The FHA stepped into this breach. The volume of loans backed by the agency has more than tripled during the past four years, to over $1 trillion. Without this rapid expansion in FHA lending, a credit crunch would have wiped out the housing market. As it is, U.S. home prices have fallen by more than a third; without the FHA, the decline would have been substantially worse. Many more homes would have been foreclosed, and private financial institutions would have faced measurably greater losses. Aggressive intervention by the FHA saved the housing market and the economy from a much darker fate.

Indeed, the FHA was born out of the Great Depression, which was also caused in significant part by a foreclosure crisis. Mortgages in the early 1930s were mostly three- to five-year “bullet” loans, which did not amortize and were due in full at maturity. This wasn’t a problem if credit was ample, as maturing loans could be easily rolled over; but when panicked depositors pulled their money out of the banks, millions of households lost homes.
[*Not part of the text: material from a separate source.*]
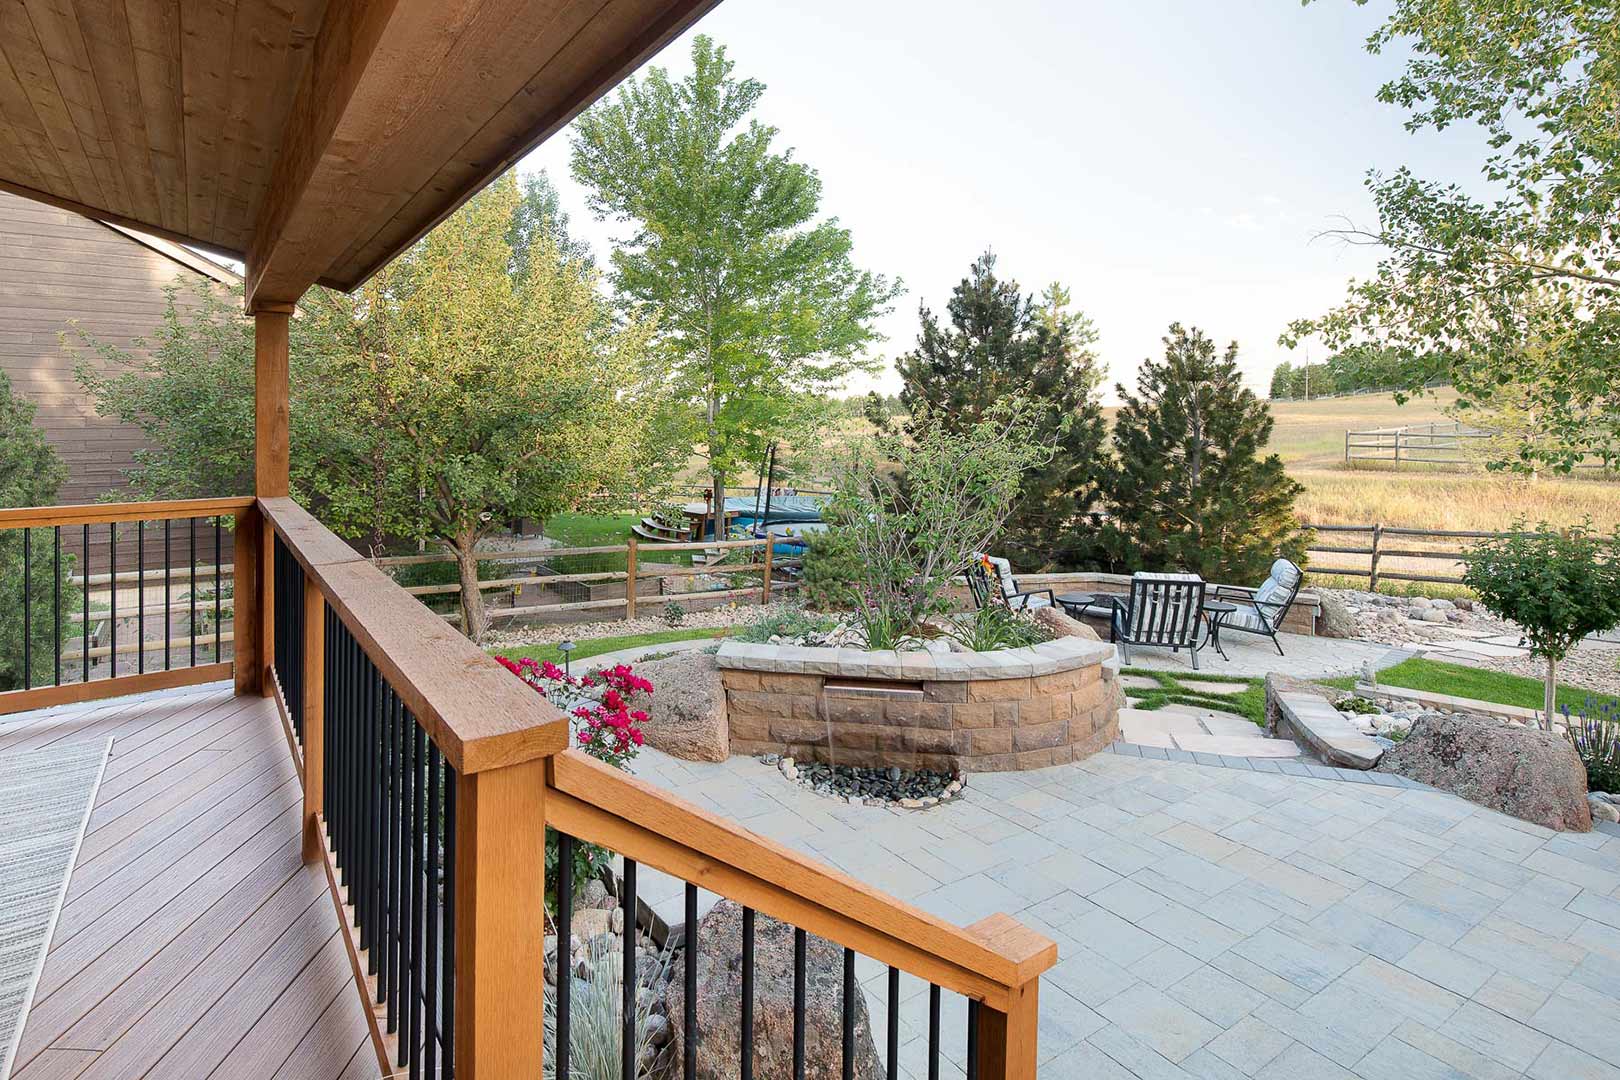 View from the covered patio looking down at the paved stone patio and built in water feature and fire pit designed by Freestone Design-Build.

The FHA introduced the 30-year fixed-rate mortgage to shelter homeowners from the business cycle. This attracted Depression-scarred households back to the housing market, helping raise the homeownership rate from 40 percent in the 1930s to 65 percent by the 1980s (see chart). The agency also nudged private lenders to comply with fair housing and equal access laws to end discrimination in mortgage lending. And the FHA stood as a ready source of mortgages if the private sector were to ever fall down again. It did in the Great Recession, and the FHA stepped up.

Like any financial institution involved with housing over the past few years, the FHA’s finances have been shredded. But unlike many others, it is still standing. The agency’s capital reserves — its cushion against losses — have been mostly, but not entirely, depleted. If the economy continues to recover, these reserves can be rebuilt over time. Yet it is possible that house prices will fall further, mortgage losses will mount, and the FHA will need financial help from taxpayers. If so, it will be the first time in its nearly 80-year history that the FHA is unable to fund itself. That would be a pity, but well worth the cost, as the FHA has saved taxpayers a bundle over the decades.

This does not mean the FHA should continue to dominate the U.S. mortgage market. The agency itself appears uncomfortable with its outsized role, and has taken appropriate steps to lower its profile by raising the insurance premiums it charges borrowers and tightening its lending standards. The average credit score of today’s FHA borrowers is higher than the average American household with a score. As it becomes more costly and difficult to get a FHA loan, loans from private mortgage lenders will become more attractive and their market share will grow.

Yet although the FHA needs to continue moving in this direction, it must be careful not to move too quickly. Higher mortgage rates while private credit is still scarce could short-circuit a recovery in the housing market. Policymakers’ recent decision to increase the size of mortgages the FHA can make for one more year makes sense in this context.

The FHA’s success provides strong evidence that government can and should play a role in the nation’s mortgage finance system. It also demonstrates that although government intervention in the economy during the Great Recession was messy, things would have been a lot messier without it.

Mark Zandi is chief economist of Moody’s Analytics, a subsidiary of Moody’s Corp. He is the author of “Financial Shock,” an exposé of the financial crisis. His column will appear regularly.